Uzdrowisko nad Balatonem bielało w jego blasku, jak fotografowane nocą przy świetle magnezji. Bielone chałupki, komórki – wszystko było białe w obramowaniu piasku. Nawet niebo. Zakurzone liście akacji były białe jak papier do pisania.
Dochodziło wpół do trzeciej.
Suhajda tego dnia wcześniej zjadł obiad. Zszedł ze schodów ganku do ogródka domku letniskowego.
– Dokąd? – zapytała Suhajdowa szydełkująca wśród goździków.
– Wykąpać się – ziewnął Suhajda, z malinowymi kąpielówkami w ręce.
– To weź i jego – poprosiła kobieta.
– Nie.
– Dlaczego?
– Bo jest niegrzeczny – odpowiedział Suhajda. – Bo jest próżniakiem – dodał i zrobił przerwę. – Nie uczy się.
– Ależ uczy się – protestowała żona, wzruszając ramionami. – Całe przedpołudnie się uczył.
Na ławce przed kuchnią poruszył się jedenastoletni chłopiec. Na kolanach trzymał zamkniętą książkę: gramatykę łacińską.
Był chudziutkim dzieckiem, z głową ostrzyżoną na zero. Miał na sobie czerwony podkoszulek, płócienne spodnie, na nogach skórzane sandały. Zamrugał oczami w stronę matki i ojca.
– No – odezwał się do niego szorstko Suhajda, unosząc surową twarz – jak będzie: chwalić mnie będą?
– Lauderentur – wyjąkało dziecko bez zastanowienia, ale wstając przedtem, jak w szkole.
– Lauderentur – drwiąco kiwał głową Suhajda – lauderentur. Słowem, egzamin poprawkowy też oblejesz.
– On umie – broniła matka – umie, ale się peszy. Boi się ciebie.
– Ja go wypiszę ze szkoły – zarzekał się Suhajda. – Jak Boga kocham, że go wypiszę. Dam go na czeladnika ślusarskiego, na kołodzieja – sam nie wiedział, dlaczego w porywie gniewu wybrał akurat te rodzaje rzemiosła, o których nigdy by dawniej nie pomyślał.
– Chodź tutaj, Janeczku – odezwała się matka. – Prawda, że będziesz się uczył, Janeczku?
– Do grobu mnie wpędzi ten smarkacz – przerwał Suhajda, bo złość była dla niego jak przyprawa, papryka. Wpędzi mnie do grobu – powtórzył i rozkoszował się tym, jak złość rozszerza mu żyły, dobroczynnie odganiając popołudniową nudę.

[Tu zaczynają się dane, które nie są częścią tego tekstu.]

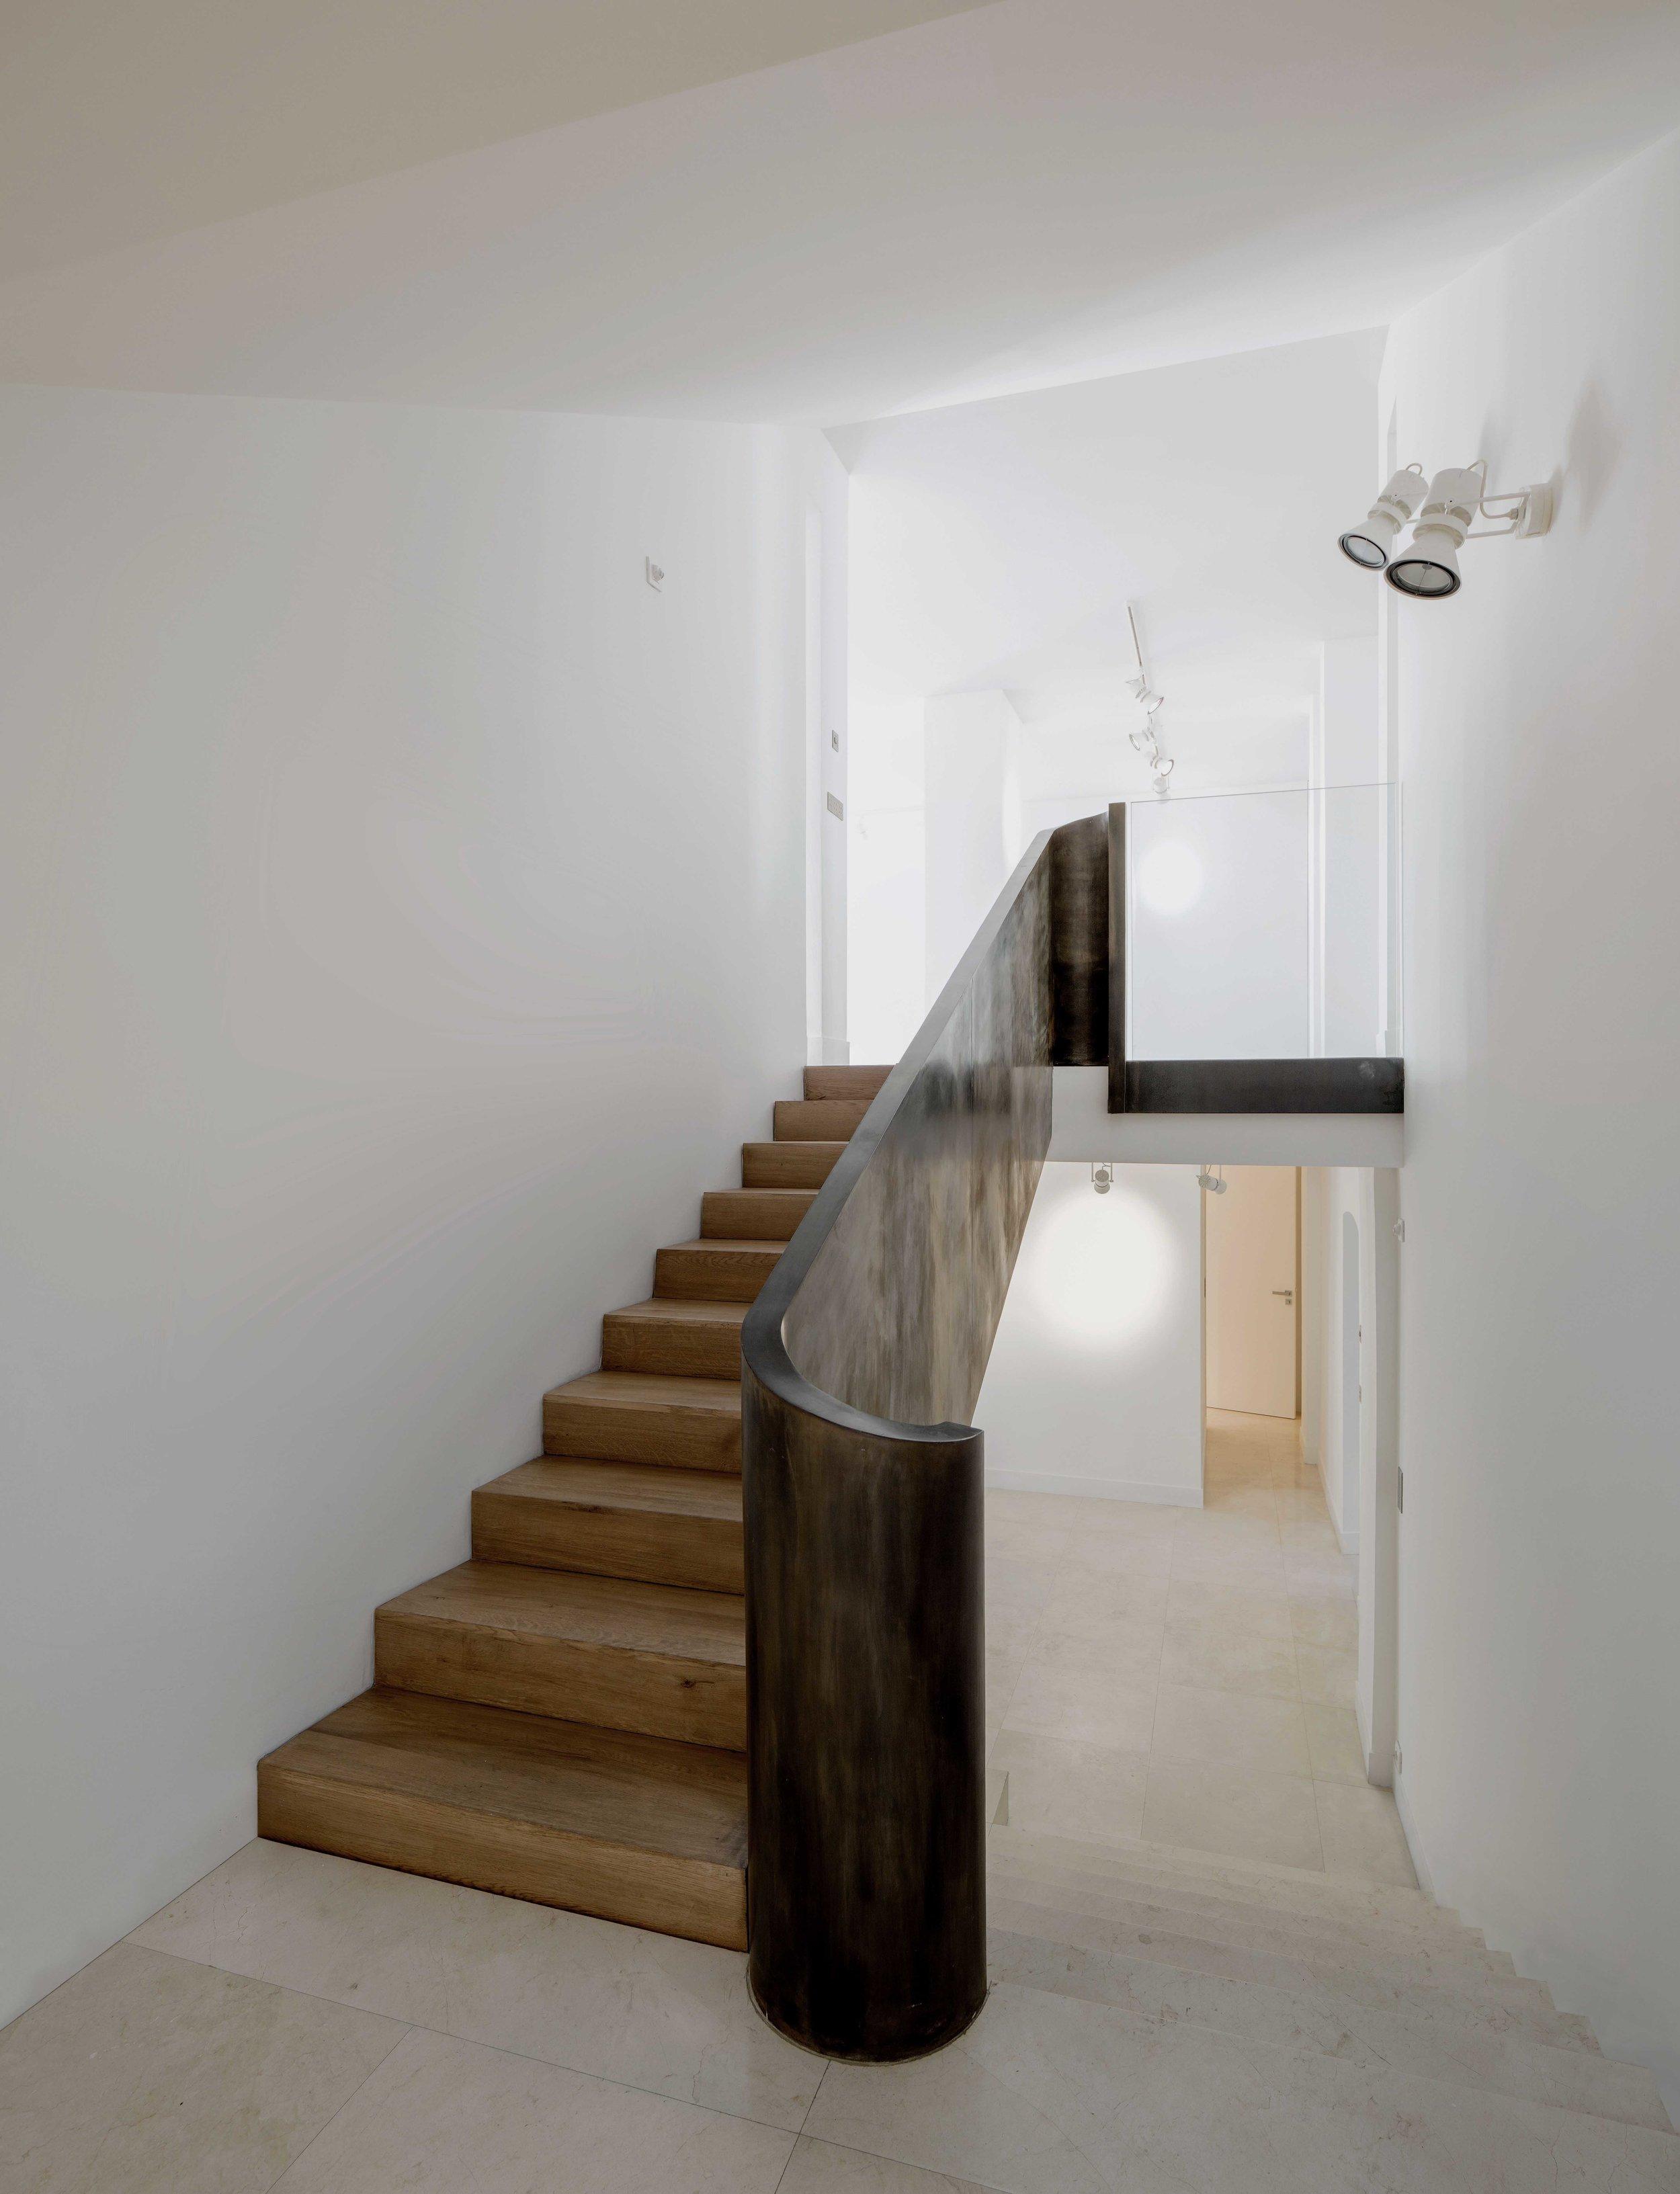 escalier interieur 2-qualité moyen.jpg
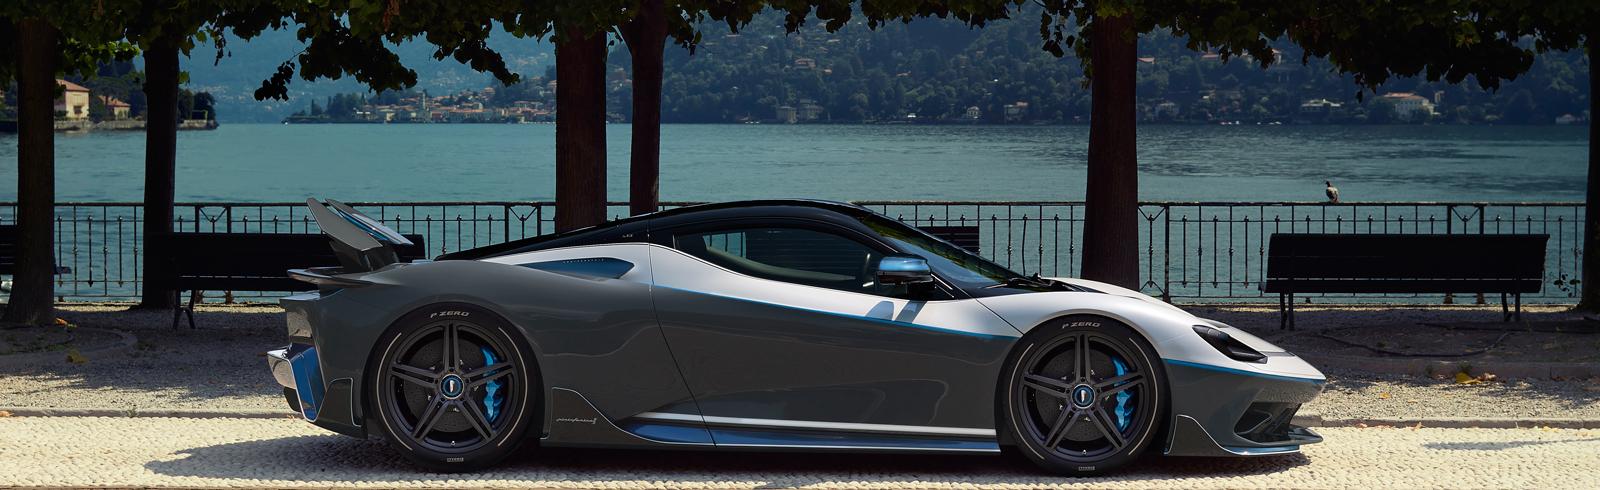 First production-ready Pininfarina Battista prepared for world debut at Monterey Car Week
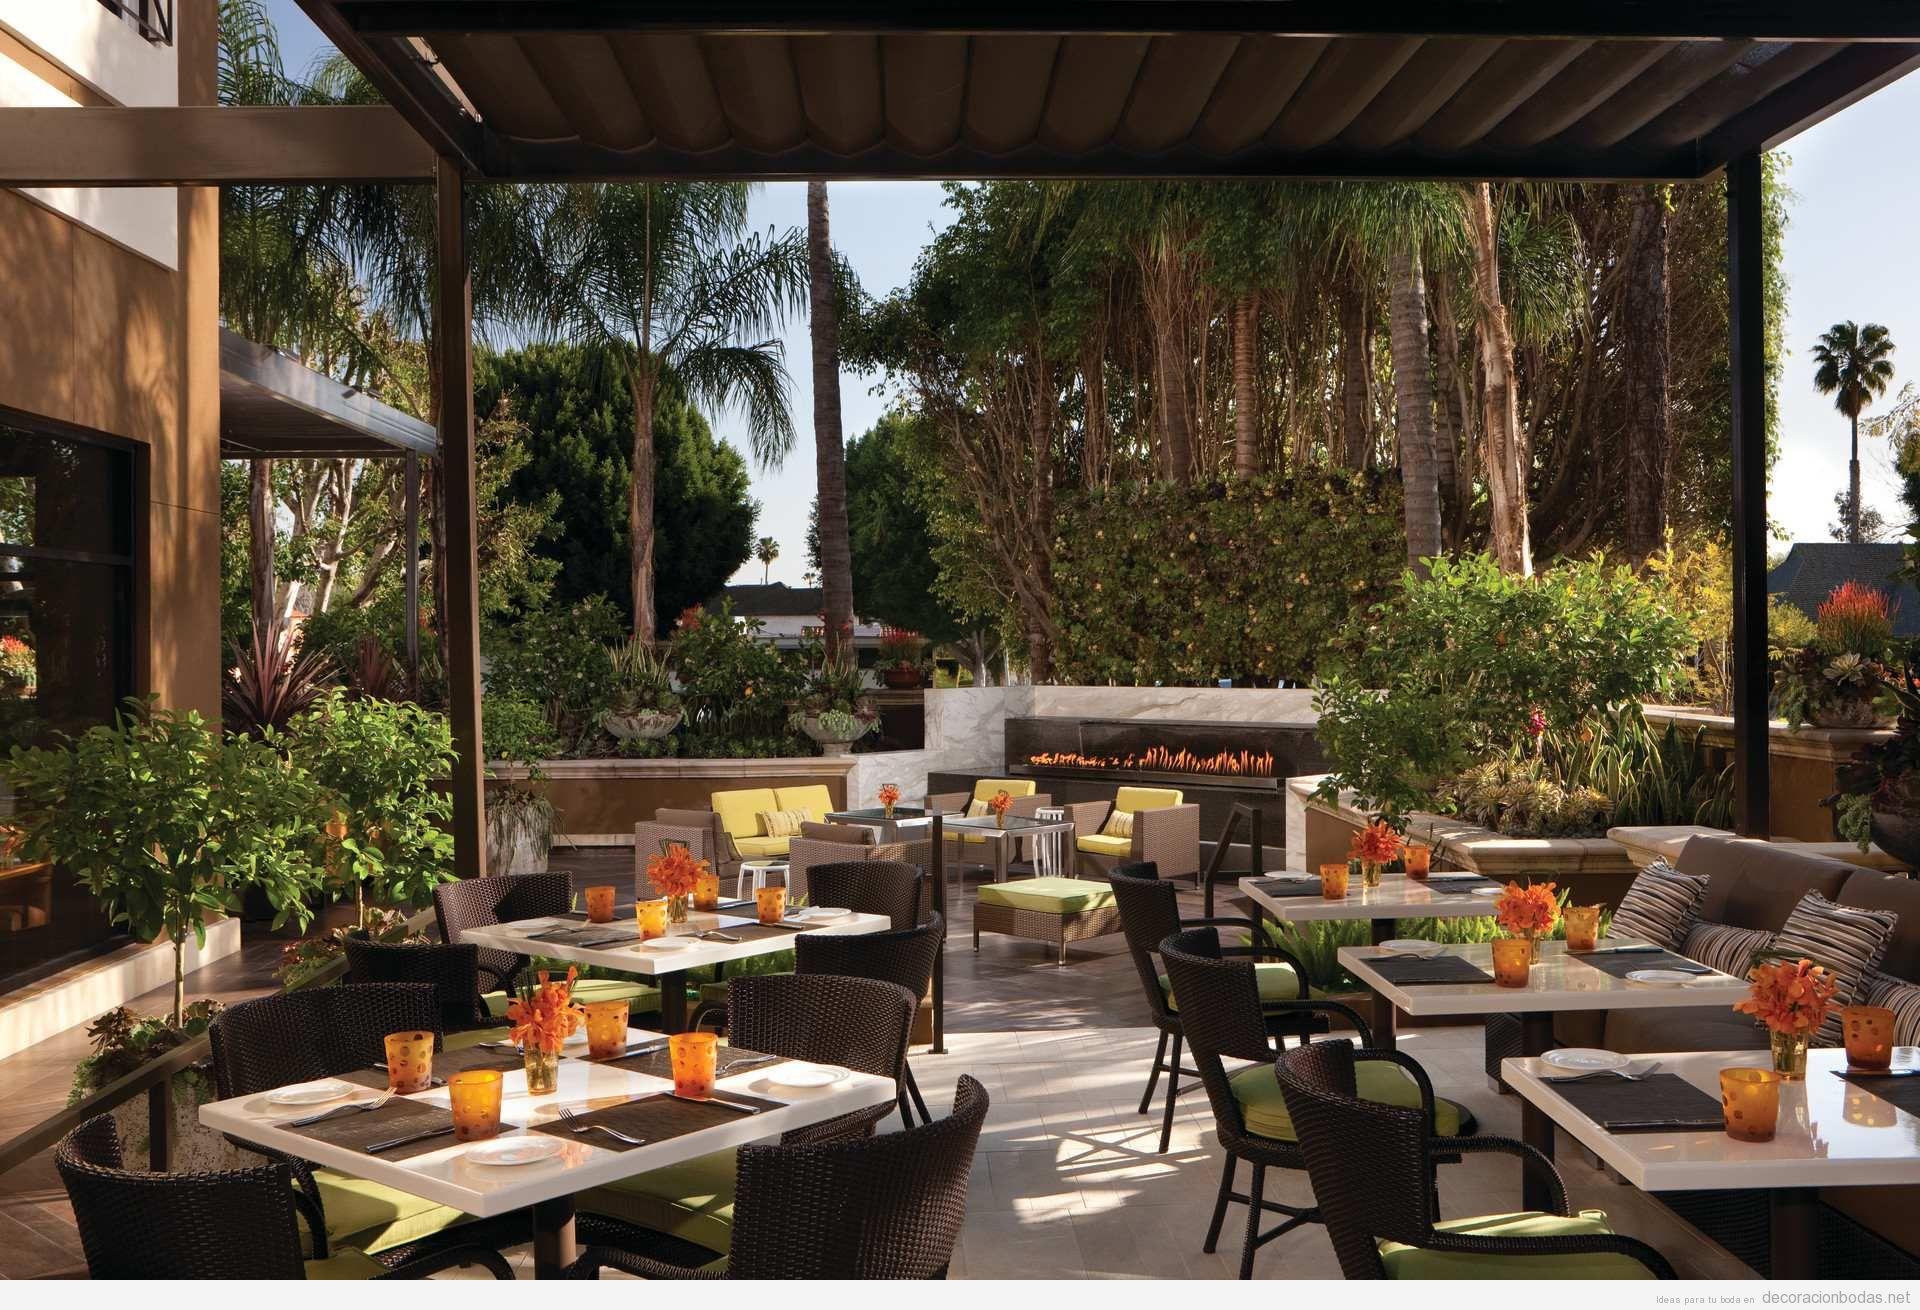 Diseno Exterior Restaurante Minimalista Terraza
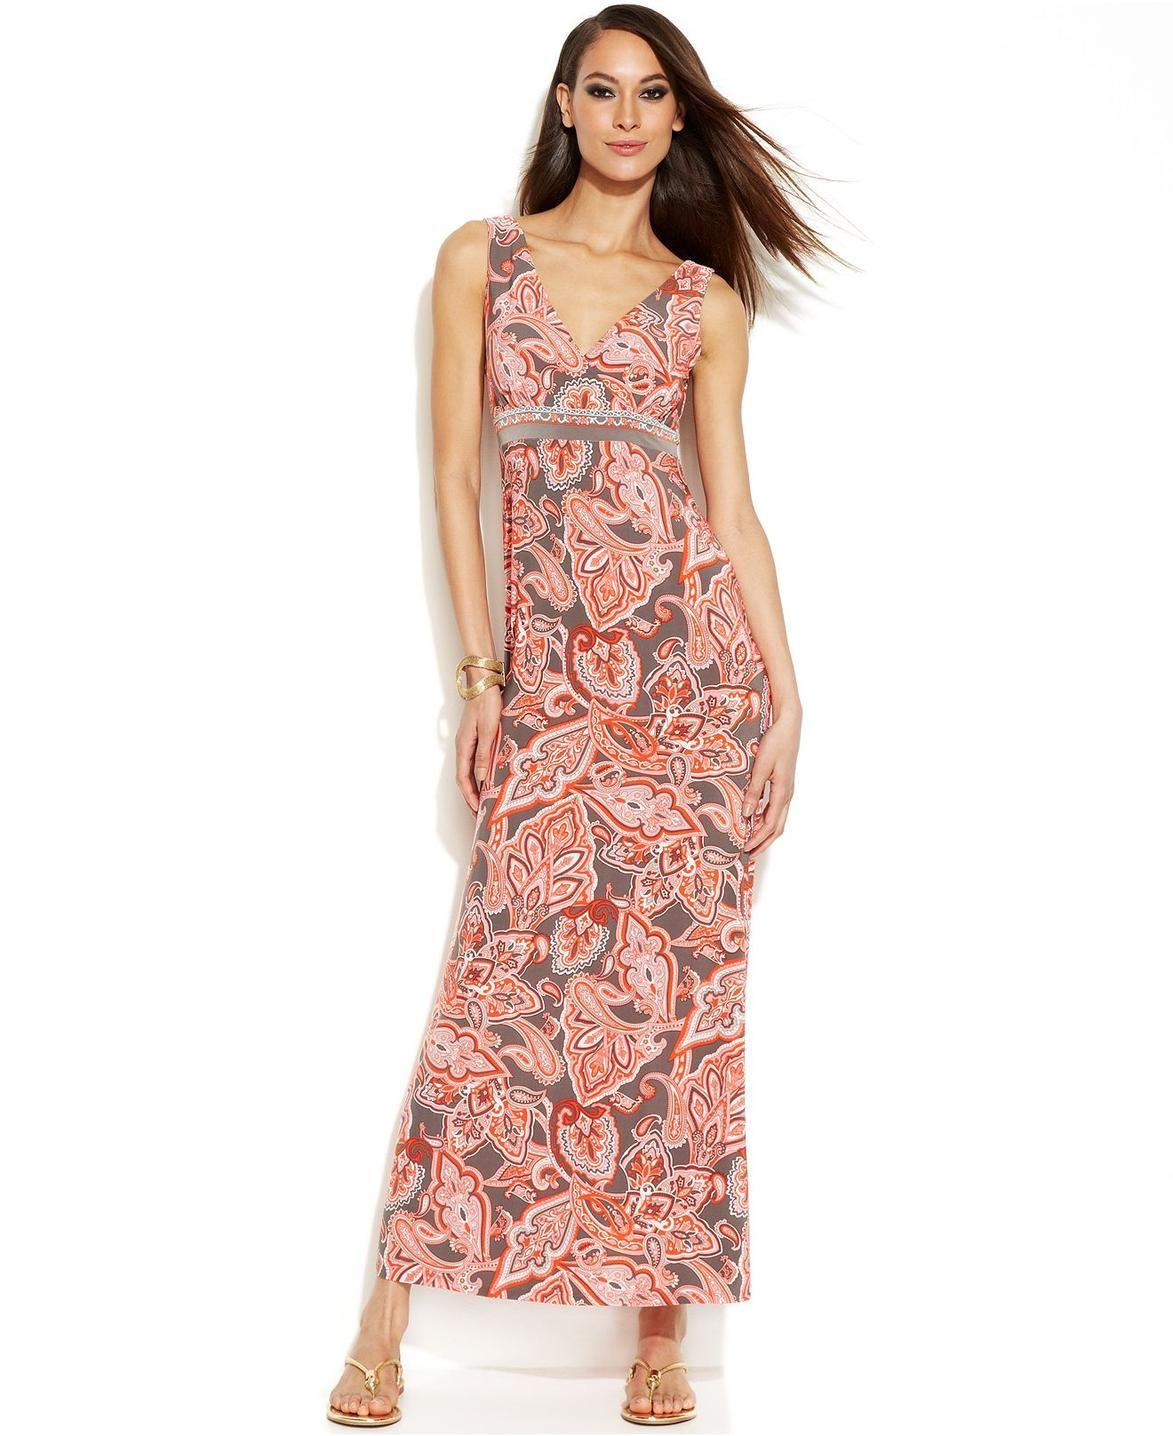 a960d7cde8b Petite Sleeveless Maxi Dresses

– Uczę się – wyjąkał chłopiec prawie bezgłośnie.
Szukając obrony w swej nicości i upokorzeniu, spojrzał na matkę.
Ojca prawie nie widział, tylko czuł – wszędzie, w każdym momencie, nienawistnie.
– Nie ucz się – machał ręką Suhajda. – Nigdy się nie ucz. To zbędne.
– Ależ uczy się – odezwała się matka, głaszcząc głowę dziecka schowaną pod ramieniem. – A ty mu przebaczysz. Janeczku – powiedziała niespodziewanie, bez żadnego przejścia – przynieś swoje kąpielówki. Pójdziesz się z ojcem kąpać.
Mały nie rozumiał, co się stało, co oznacza ta interwencja matki, która ciągnącą się sprzeczkę załatwiła jakby mimochodem, z cudowną szybkością. Popędził jednak na ganek. Stamtąd wszedł do małego ciemnego pokoiku. Szukał w szufladach malinowych kąpielówek.
Były takie same jak ojca, tylko mniejsze. Obie pary uszyła Suhajdowa.
Wyglądało na to, że ojciec się waha. Nie mówiąc nic żonie, stanął przy krzaku agrestu, jakby czekając na spóźniającego się syna. Potem wymyślił coś innego. Wyszedł przez drewnianą furtkę. Podążał w stronę jeziora nieco wolniej niż zwykle.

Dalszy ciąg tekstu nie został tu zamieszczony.